# I Am So Stupiddd!!!!11!!!!!



## November-X-Scourge (May 12, 2011)

Guh!!  I feel so dumb! I as at school, and that pigeon I had spoken of before was there. I sprinted home, and back, this time with a large pot of pigeon food. When I got there, the beauty with feathered feet was still there, she doesn't really like flying. Her wing was droopy, but she corrected it soon. I spread the seeds out. And after a while she found them  she was eating, and eating, and eating. So happy  Then my heart started beating fast. She was so close...her back turned.... I had this strange attraction, like a baby to a shiny object. So I just....grabbed her. Such a great weight, just right. No bands squishing her beautiful feathers, over or under. So. pretty. I just stared at the scared-out-of-her-mind pigeon, clasped between my shaking hands (they do that when I get excited), her heart beating so fast...
Then I let her go. That's it. but I feel so damn stupid, because I'm so scared that my favourite pigeon on the street will be scared for me for so long, and instead of sitting close to me, she'll fly away at the sight of me. I know its an overreaction but I'm soo saddd! Is there anything I can do to win her trust back?? *facepalm*


----------



## amyable (Jul 7, 2007)

Who can blame you, I'd have probably done the same.

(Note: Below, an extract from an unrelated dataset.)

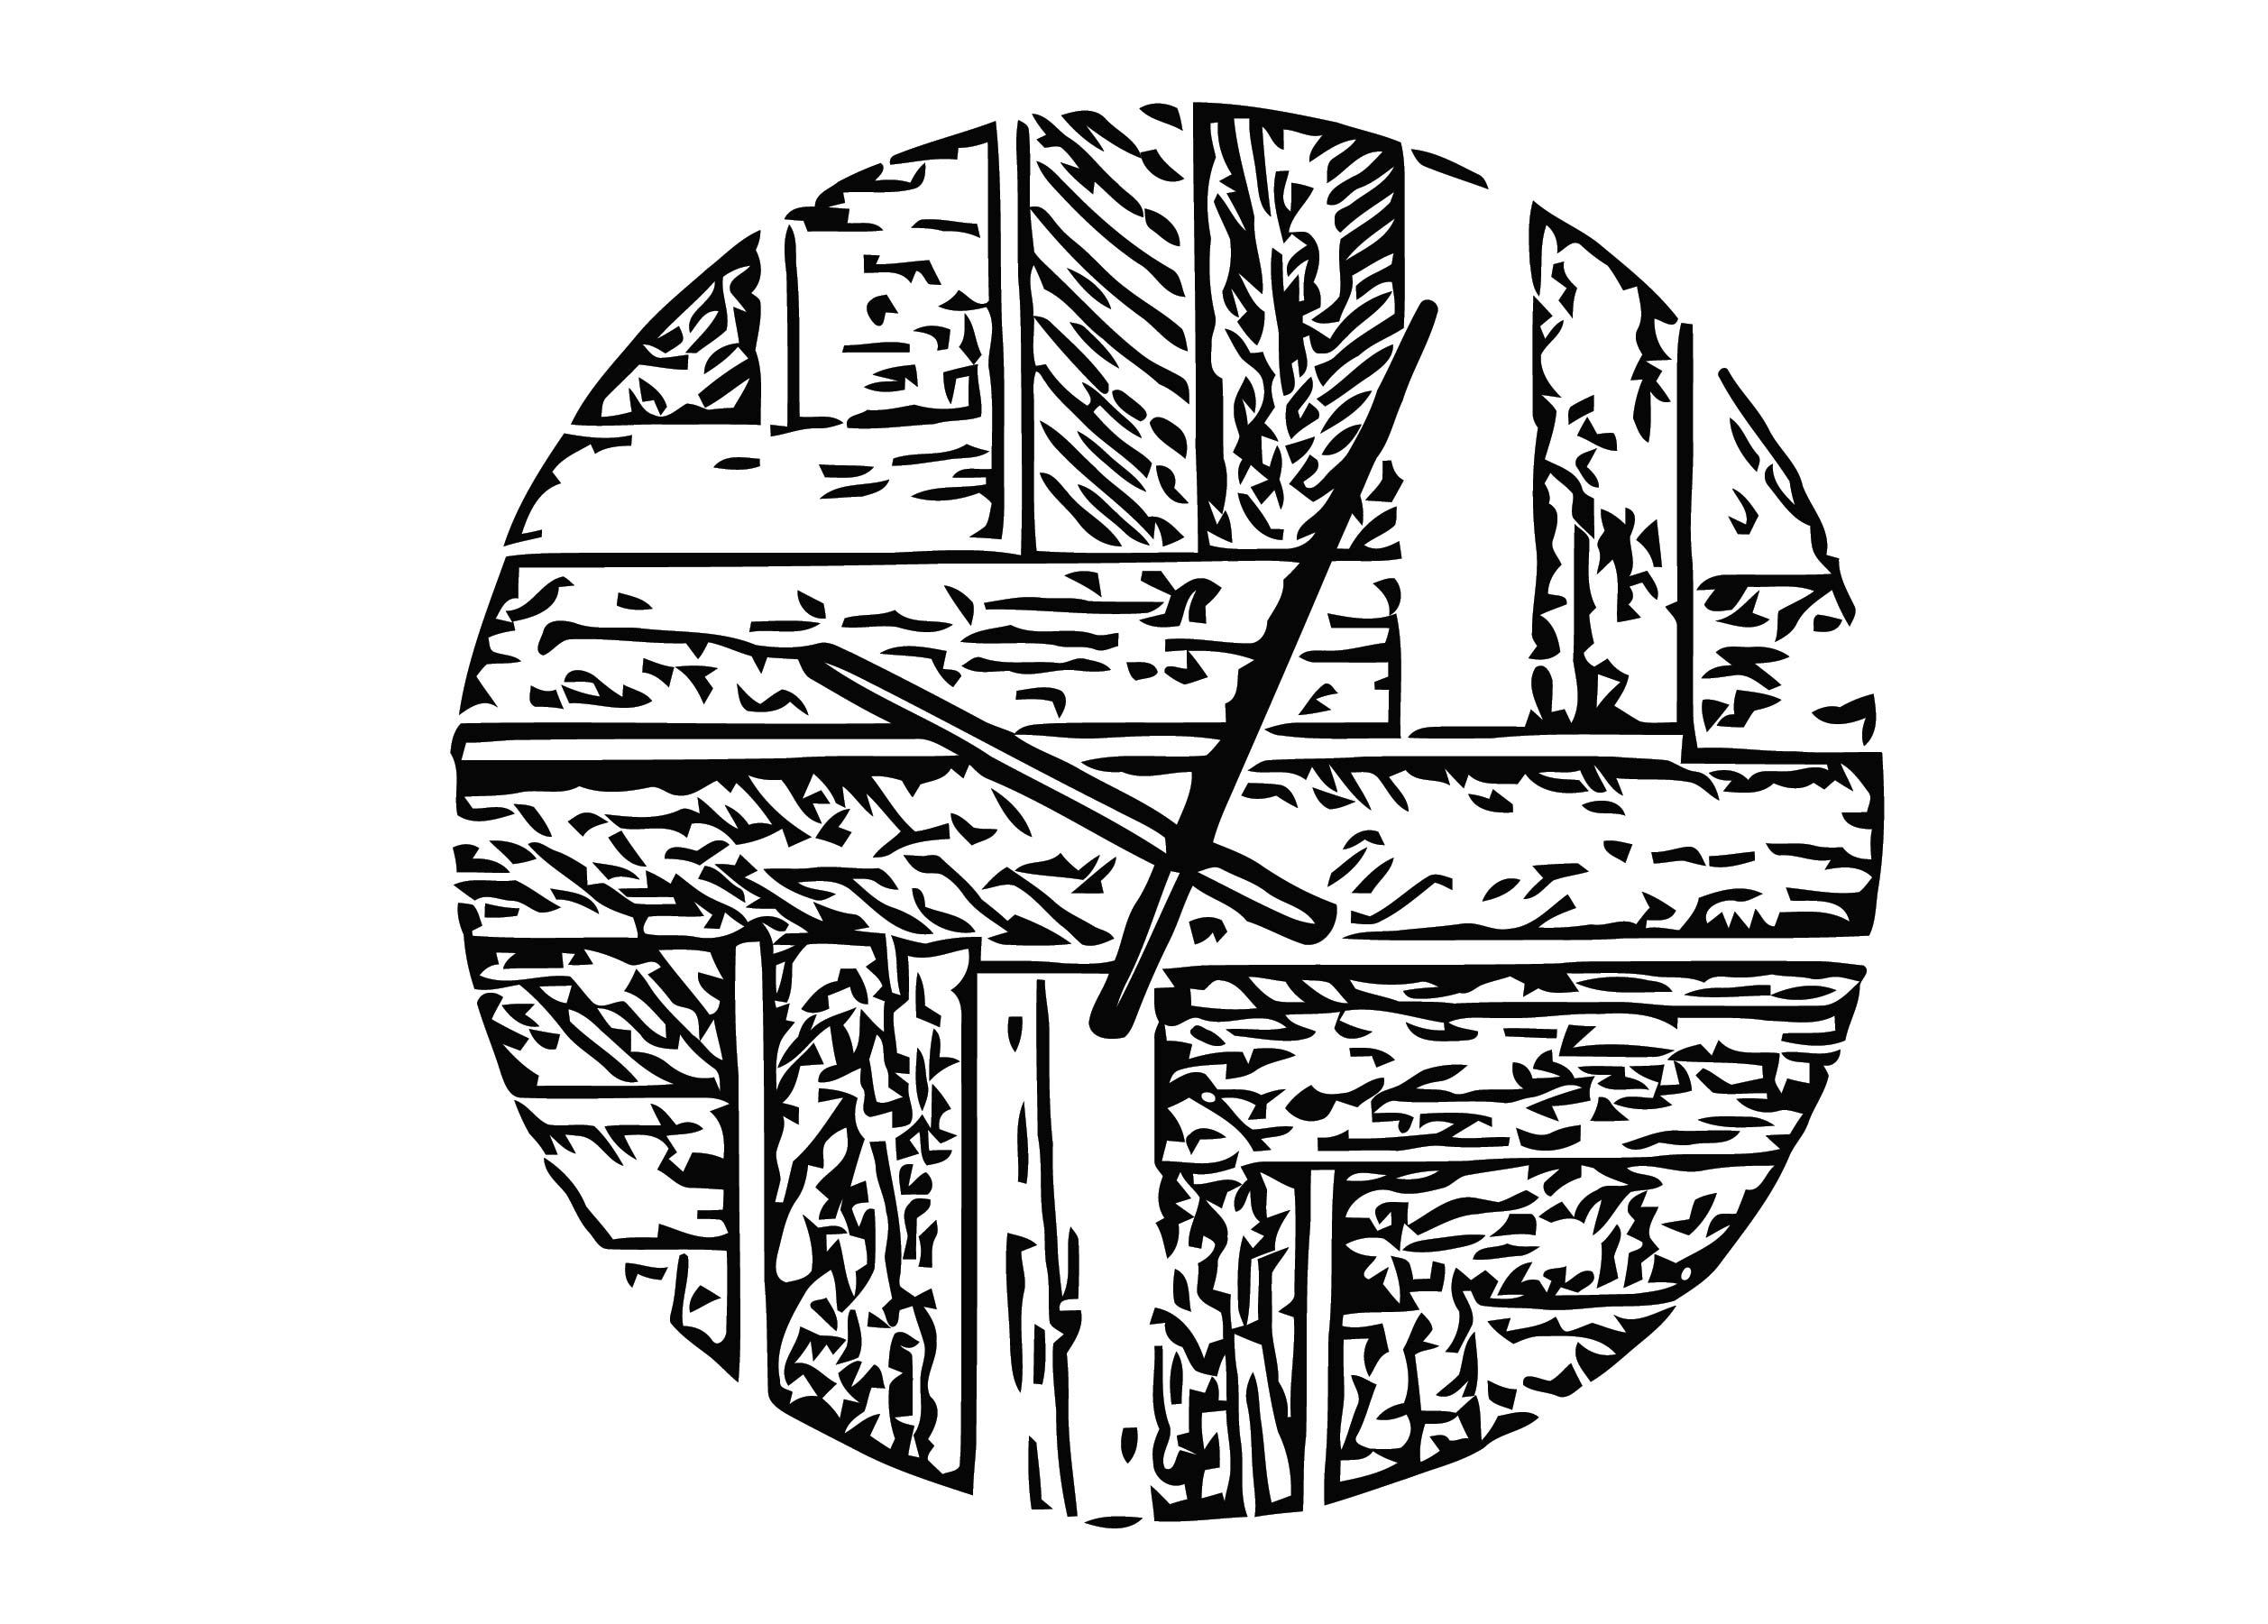 7ac72c69e914dc4bd20d56d42c2cf8 Free Printable Cc Cartoonized Free Printable Coloring Page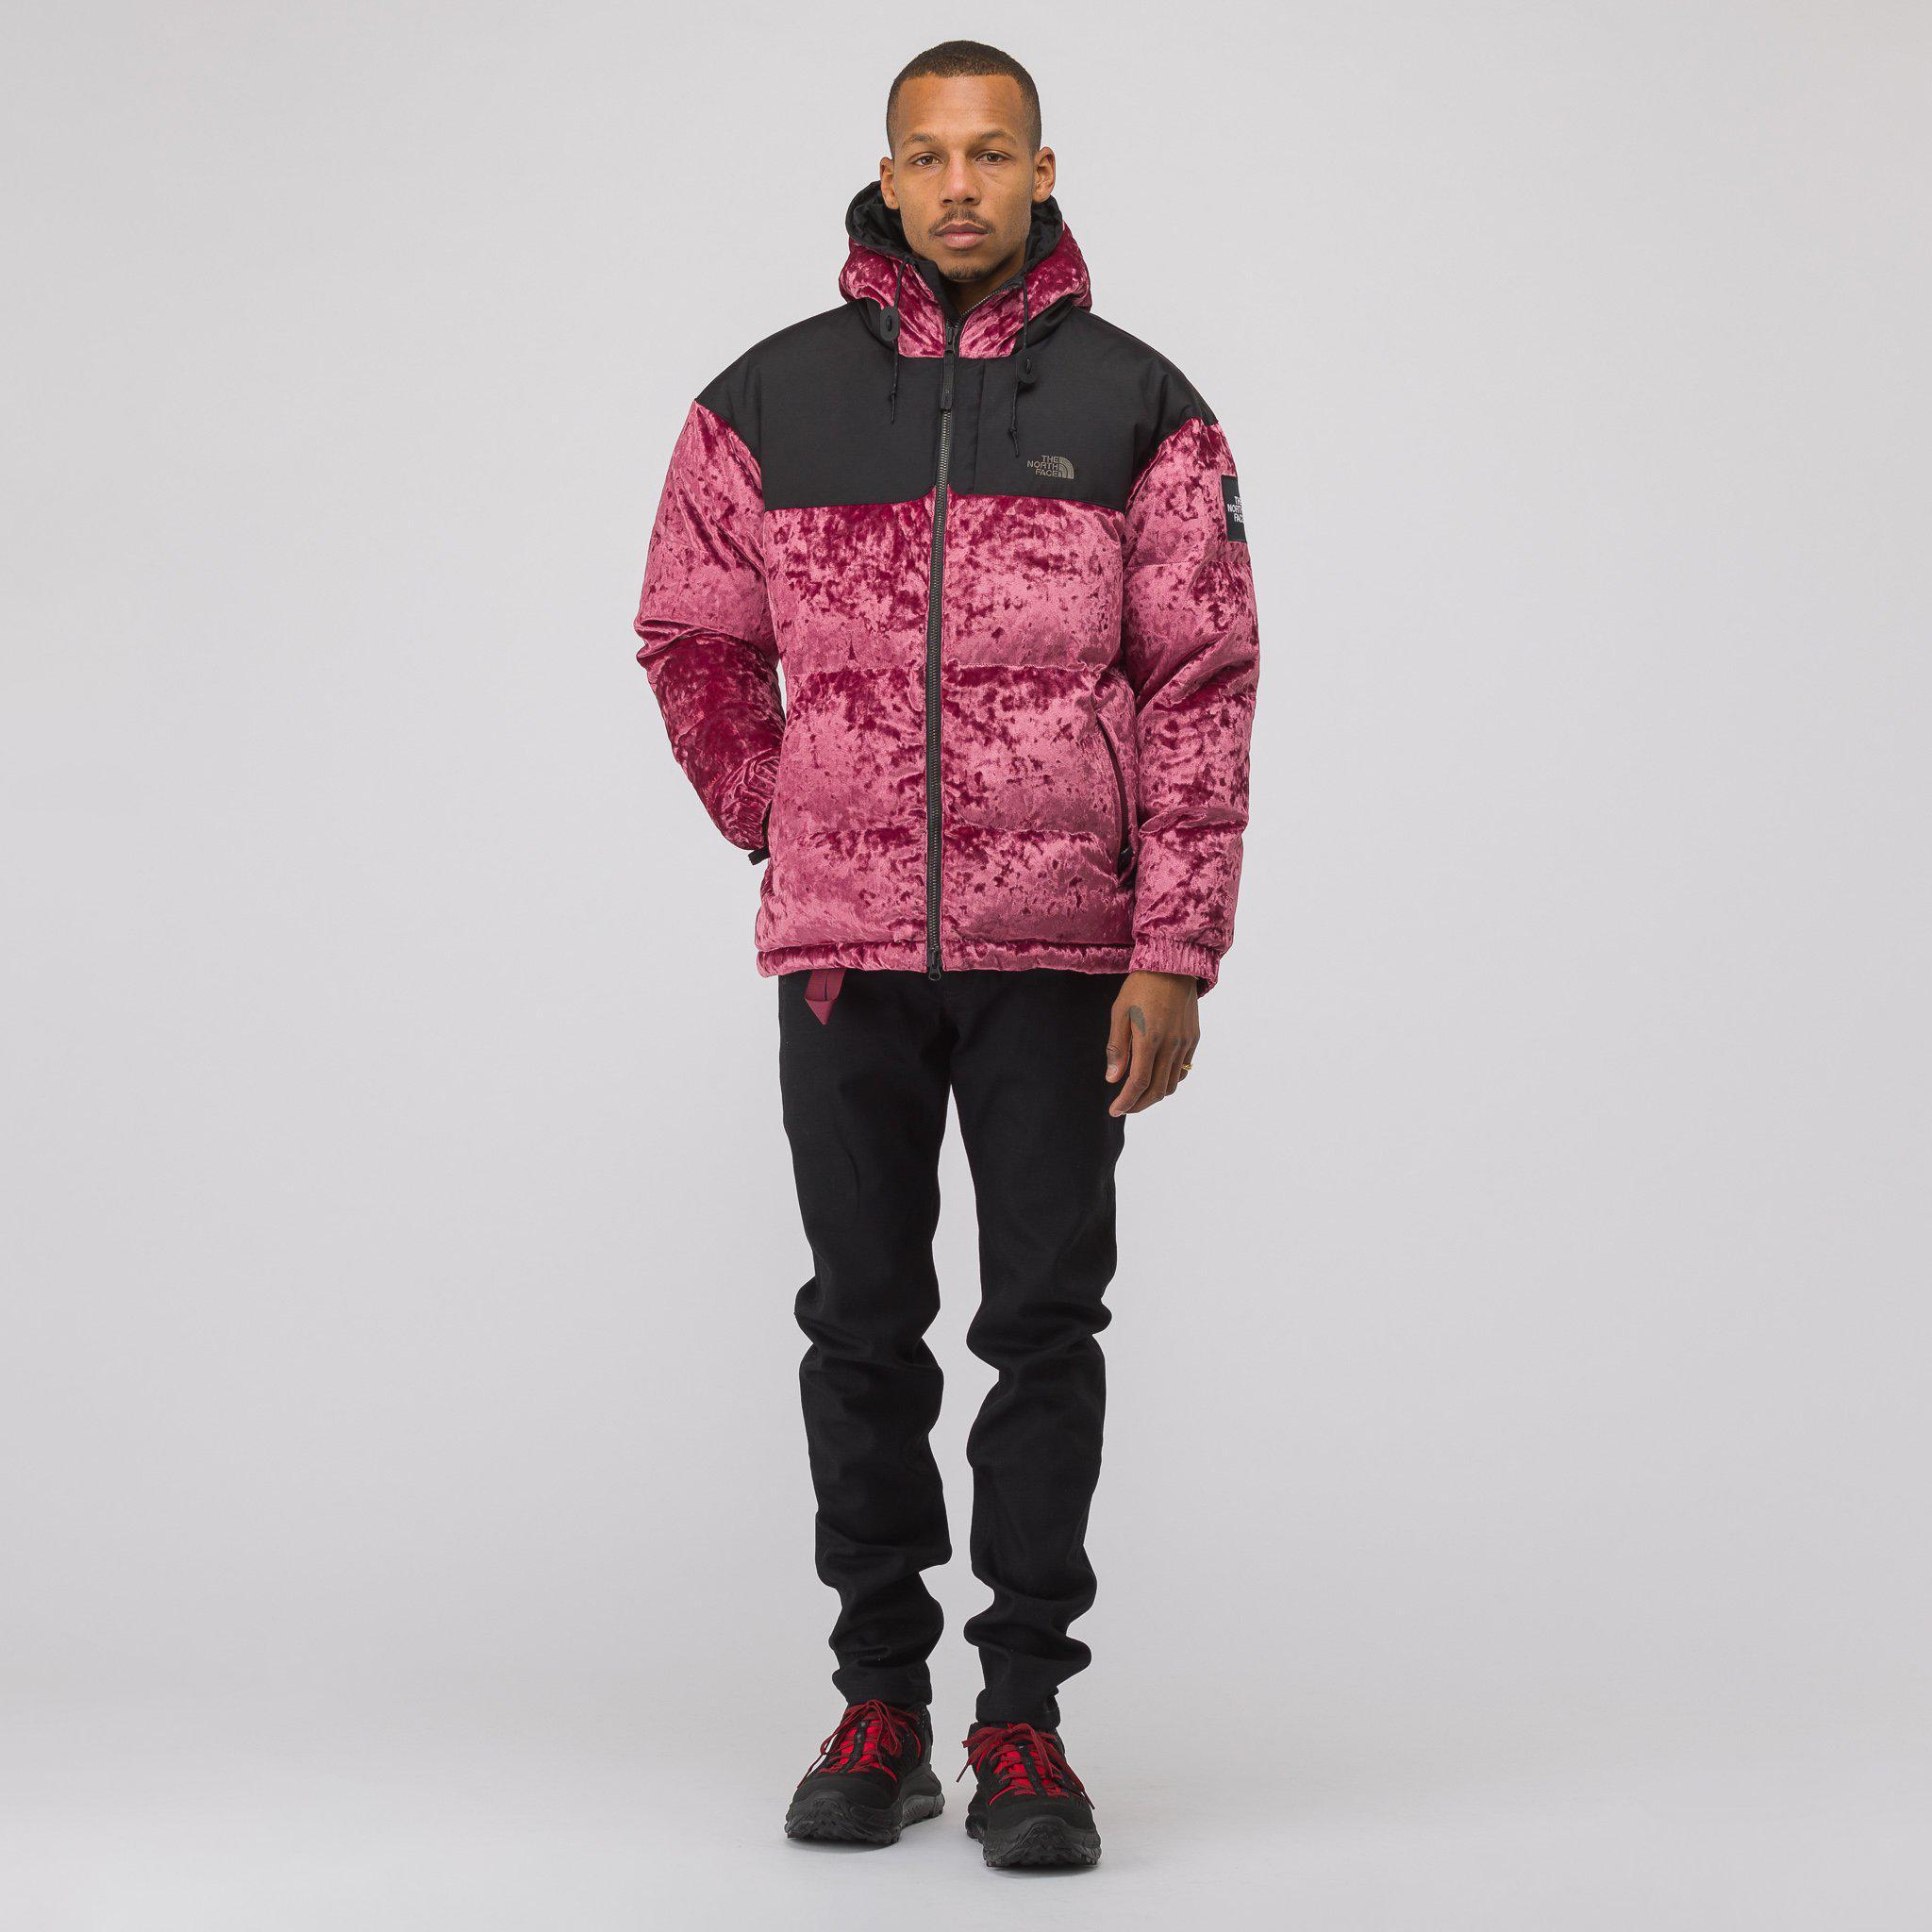 6c1d068fb The North Face Velvet Nuptse Jacket In Regal Red for men

I'm sure she'll forgive you when you still bring her food when she's hungry.
It'll take a little time maybe but food is always the best way to their hearts. 

Janet


----------



## November-X-Scourge (May 12, 2011)

thanks  I'll start bringing pij food to school like I had been planning to. I left a pile of them. also, my friend wanted me to take the pigeon home, but I know she has a mate and chicks, so I didn't.


----------



## amyable (Jul 7, 2007)

November-X-Scourge said:


> thanks  my friend wanted me to take the pigeon home, but I know she has a mate and chicks, so I didn't.


No that would have been cruel, and you'd have felt really bad if you'd done that. 
I bet with regular feeding she's soon forgive you!! (as long as you don't get in trouble for feeding them). Don't want to get her to rely on you for food in case you can't keep it up. Just some treats every so often. 

Let us know what she does the next time she sees you.

Janet


----------



## pidgey boy (Dec 23, 2010)

i did the same thing in my backyard i just coudn't resist grabbing the pigeon that i have been feeding for months but as the other pigeons flew back to get some seed this one came as well so i think you dont have anything to worry about


----------